## What is needed
With the pictures left out, please return exactly the line holding "Det är valdagen" and each following line until the entries end.
━━ Extracted information ━━
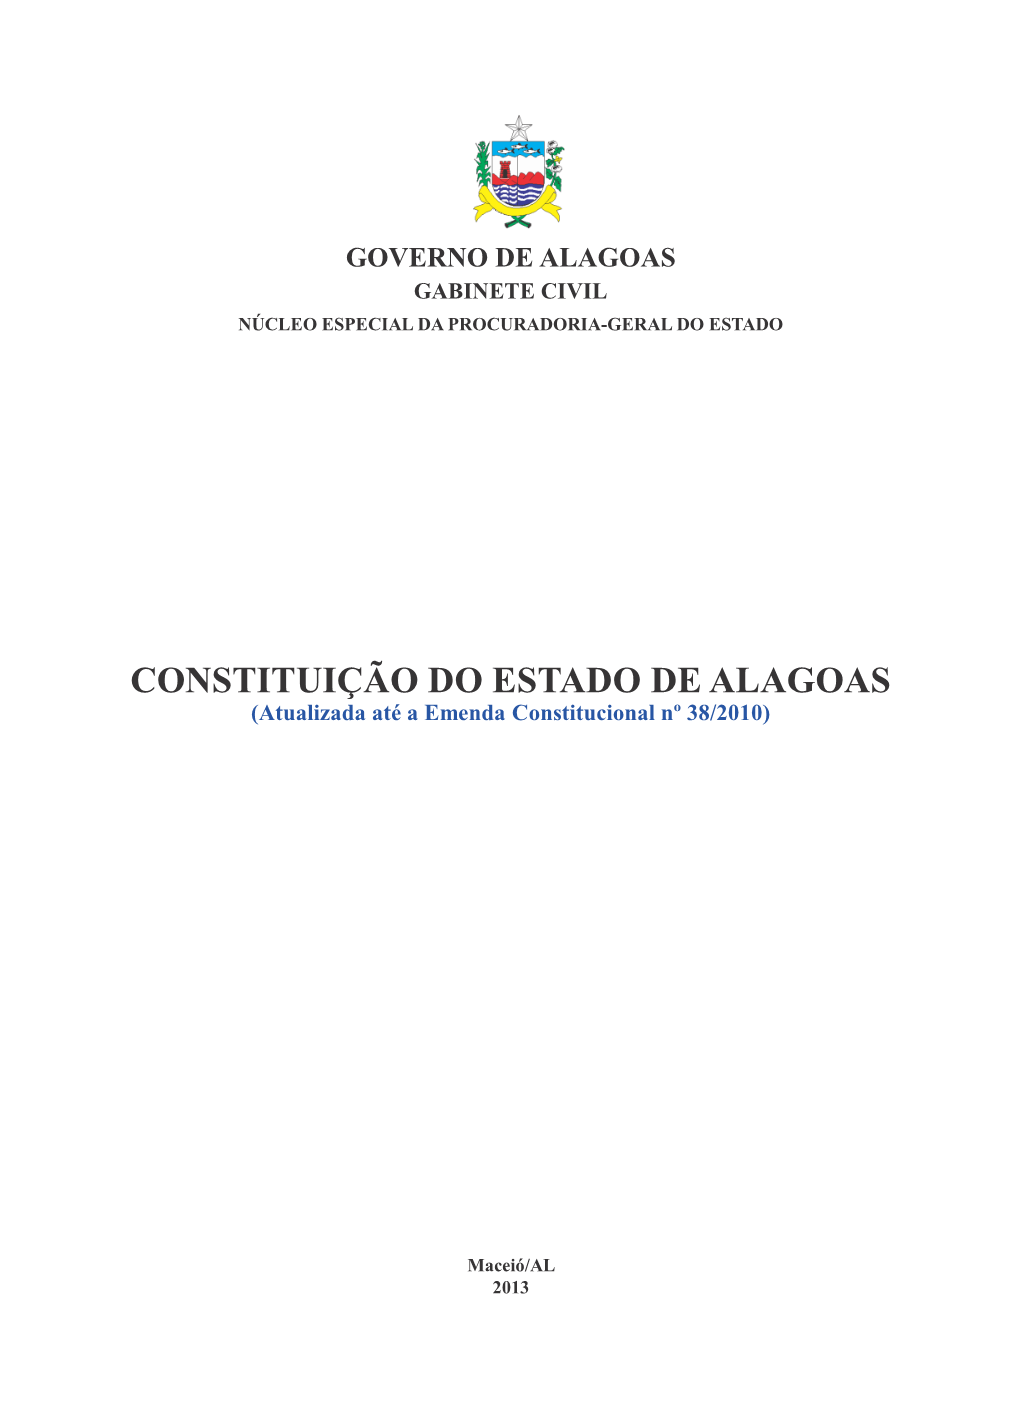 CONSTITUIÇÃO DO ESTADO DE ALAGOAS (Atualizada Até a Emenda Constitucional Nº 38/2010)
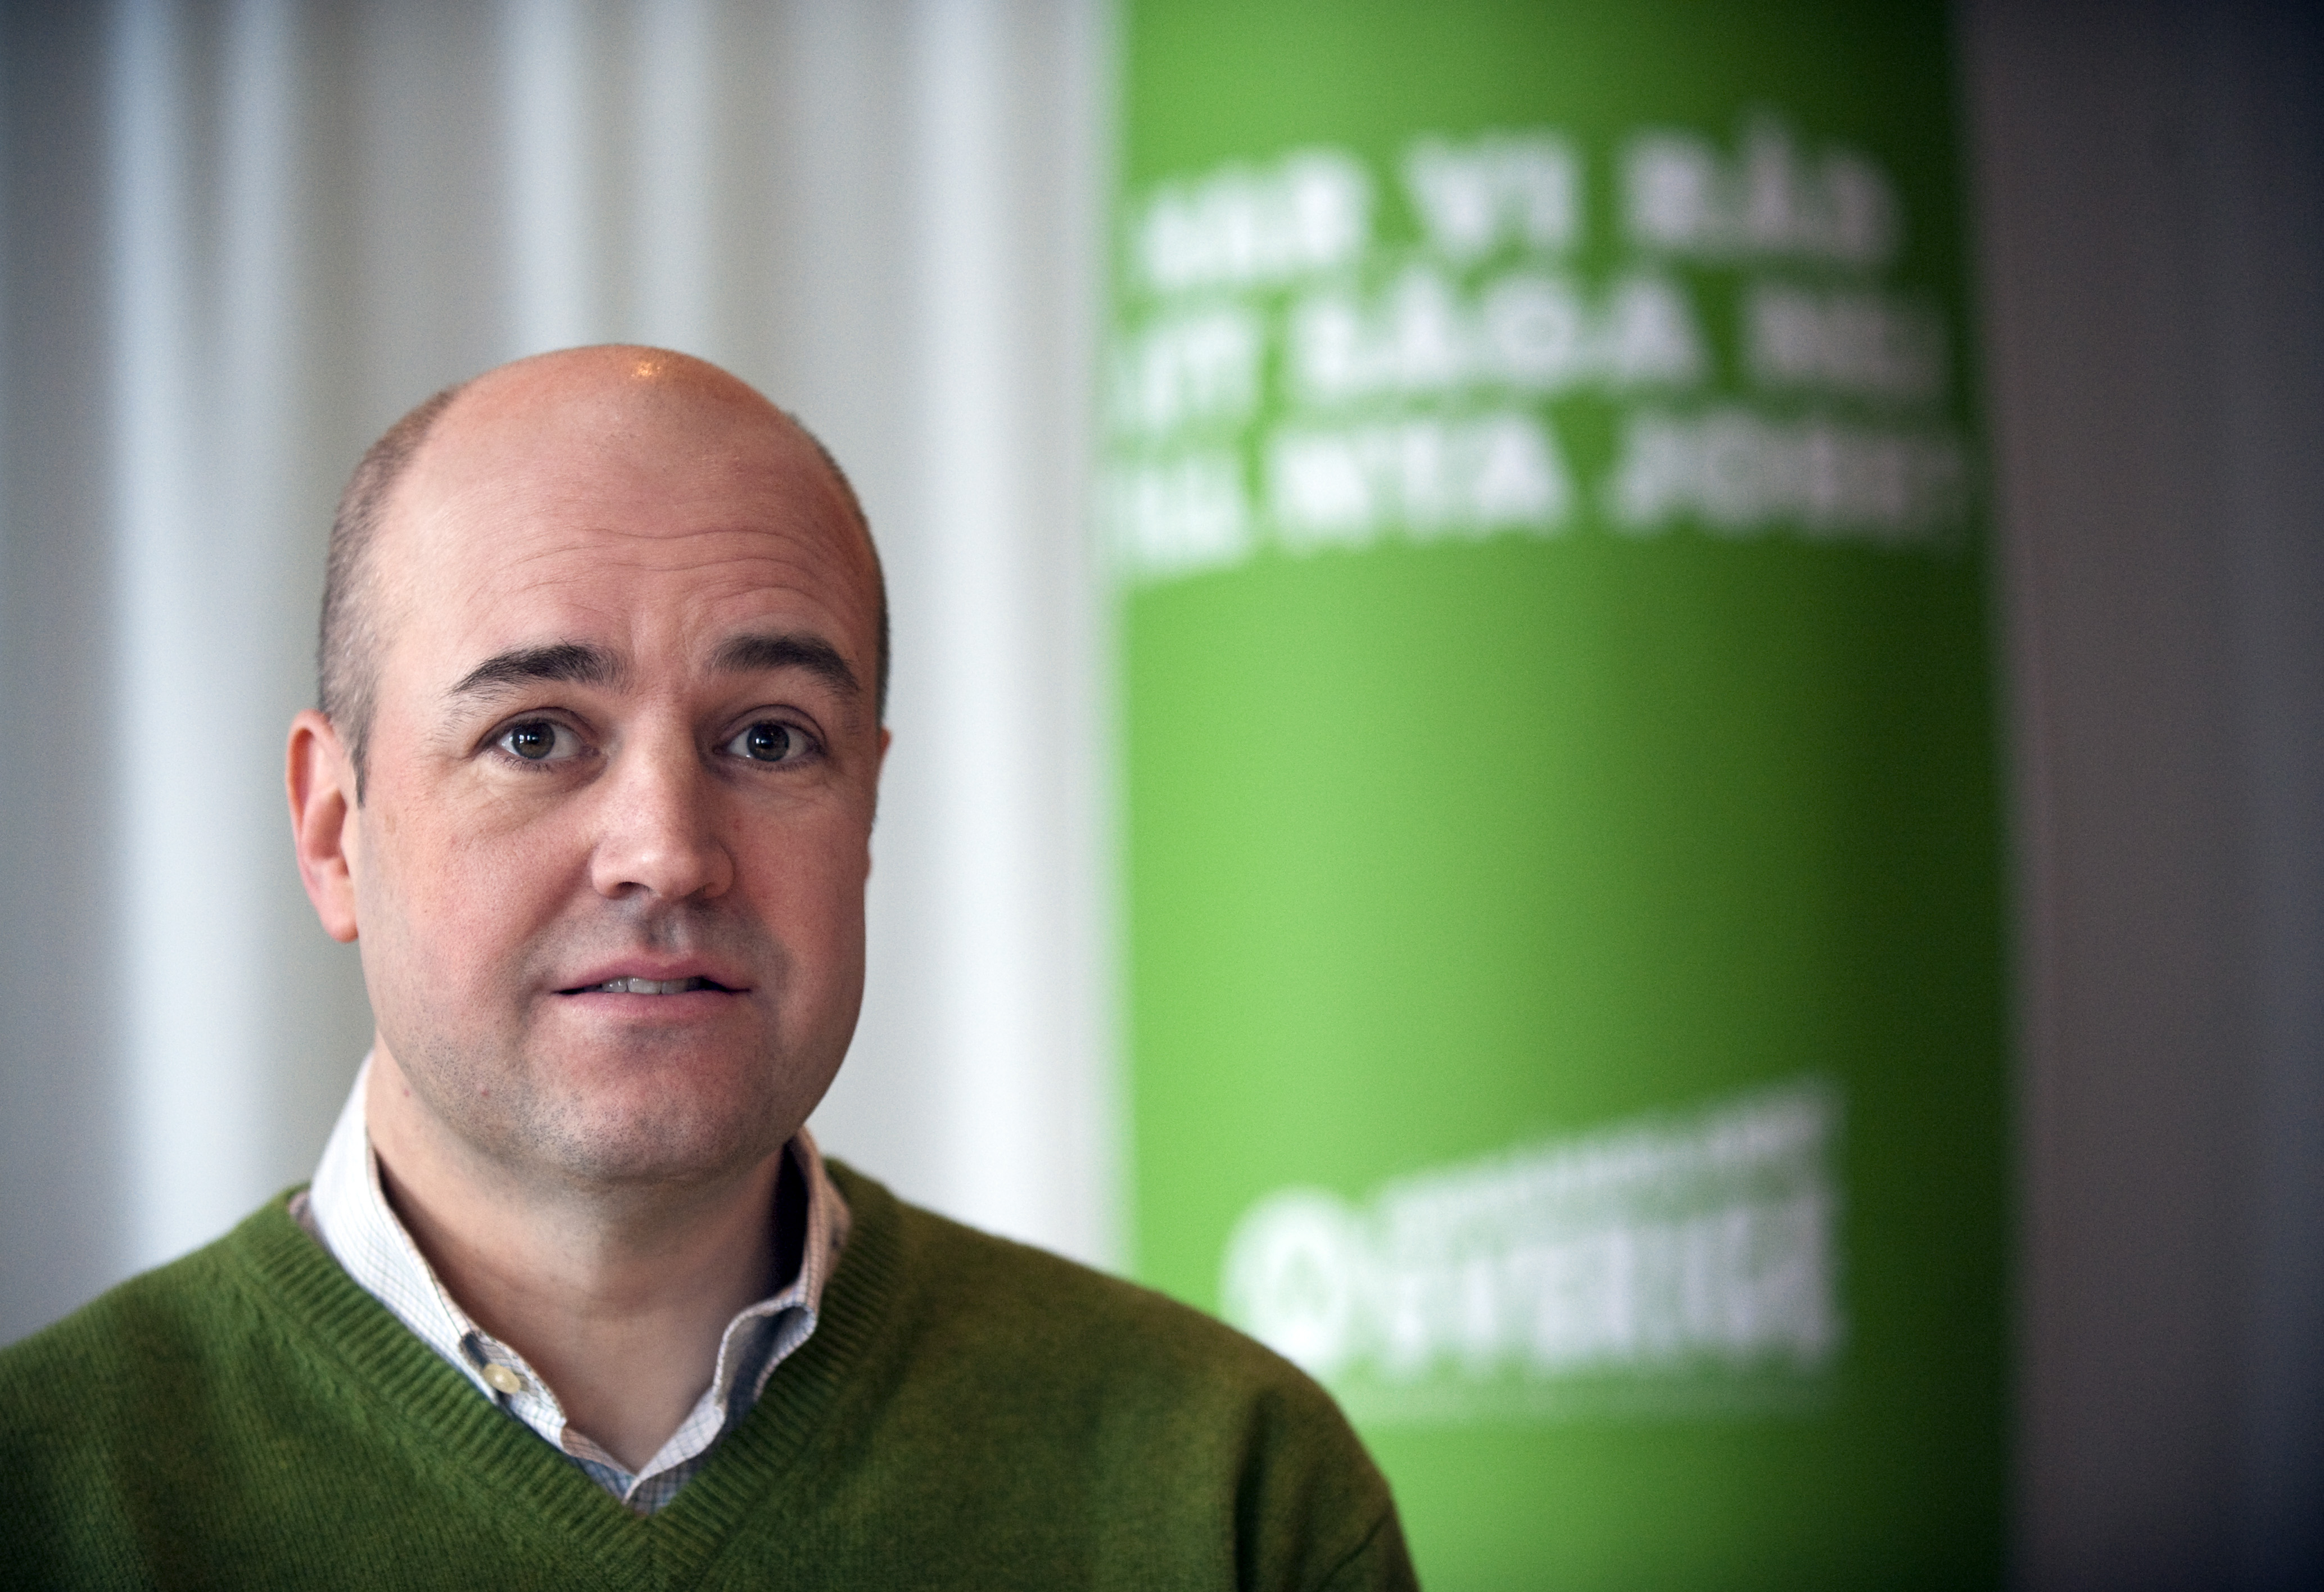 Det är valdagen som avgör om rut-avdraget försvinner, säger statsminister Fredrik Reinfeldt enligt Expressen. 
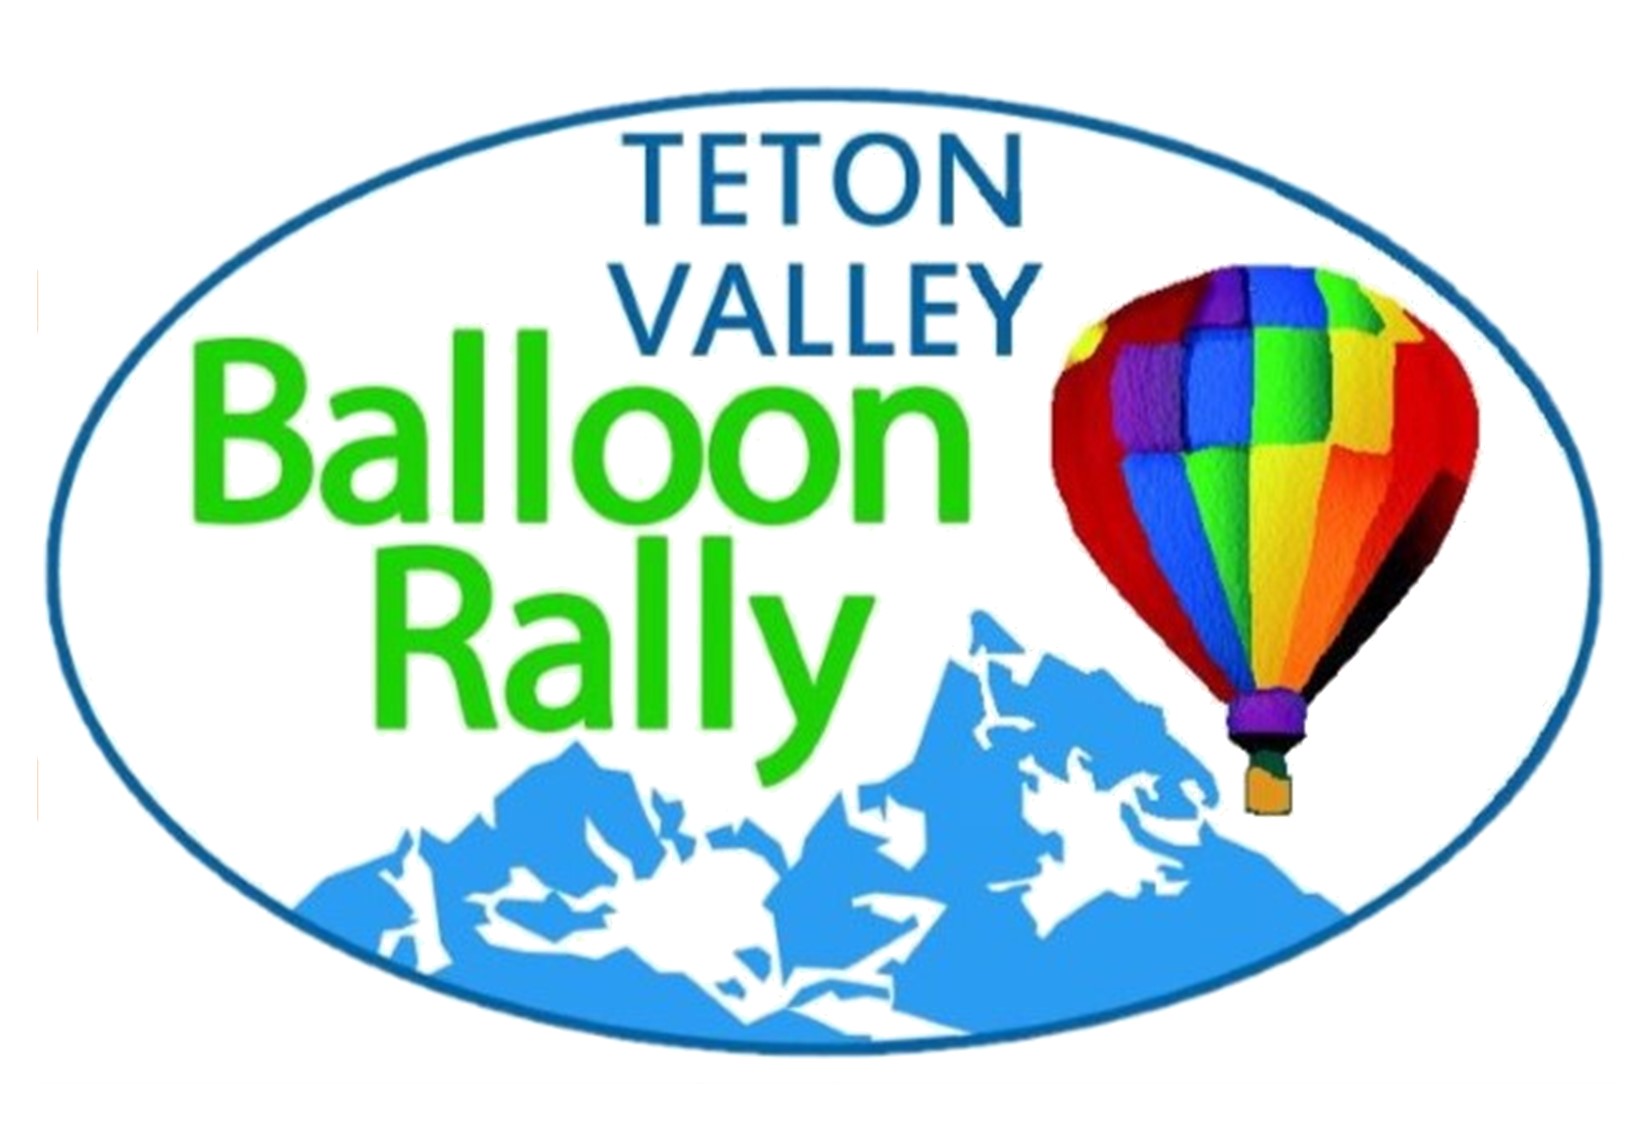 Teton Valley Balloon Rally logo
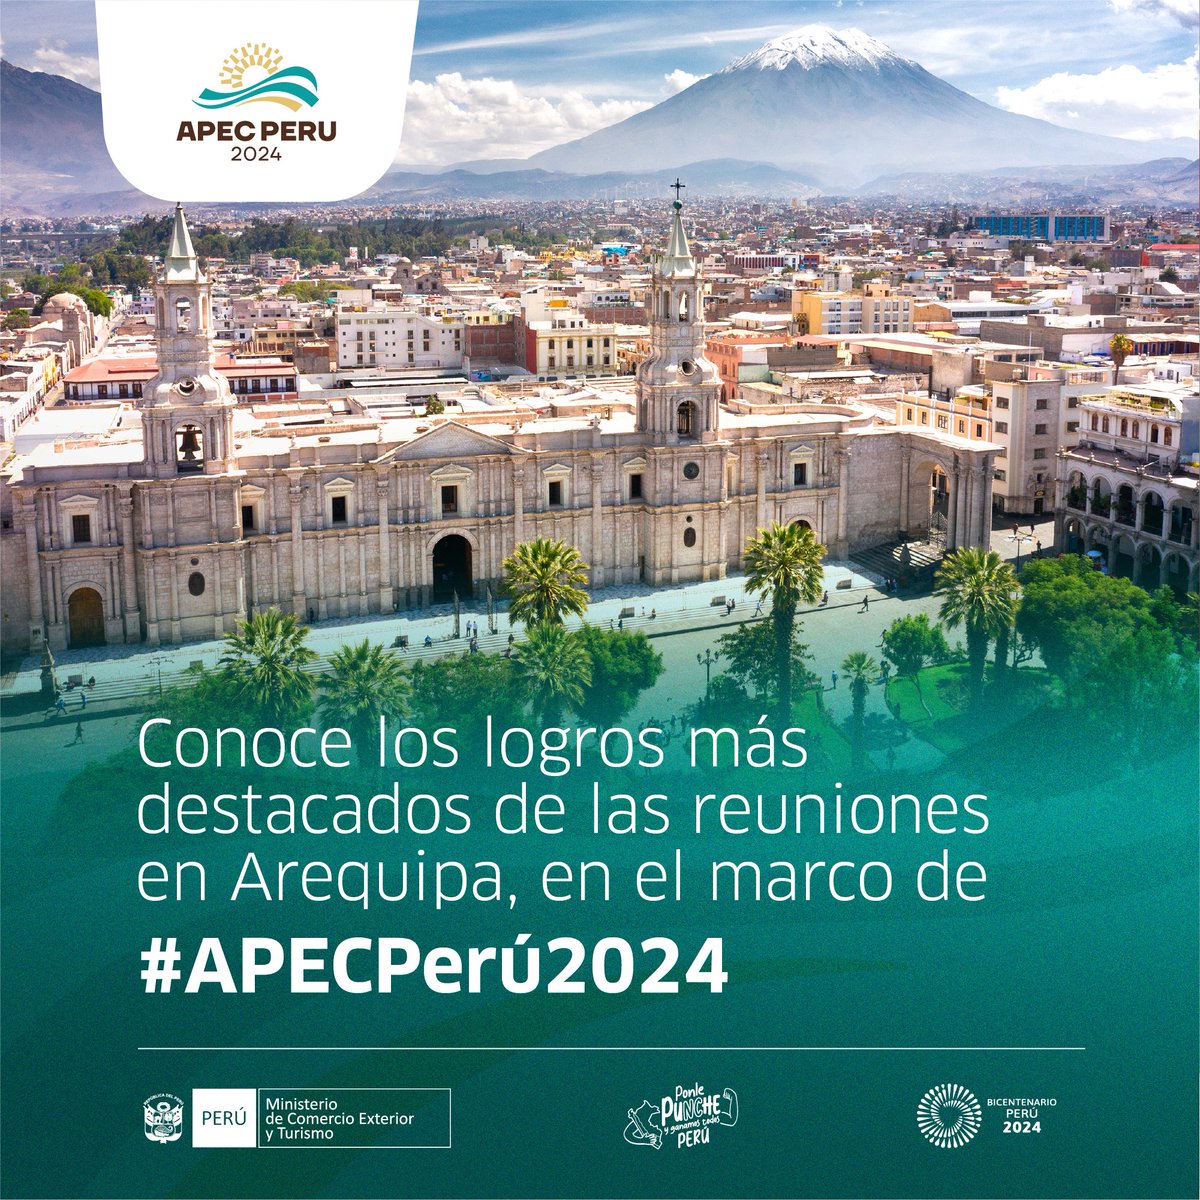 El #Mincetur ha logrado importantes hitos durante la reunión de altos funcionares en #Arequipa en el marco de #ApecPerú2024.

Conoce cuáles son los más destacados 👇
━━━
## Response to this task
 Det är valdagen som avgör om rut-avdraget försvinner, säger statsminister Fredrik Reinfeldt enligt Expressen. 
 Teton Valley Balloon Rally logo
 El #Mincetur ha logrado importantes hitos durante la reunión de altos funcionares en #Arequipa en el marco de #ApecPerú2024.

Conoce cuáles son los más destacados 👇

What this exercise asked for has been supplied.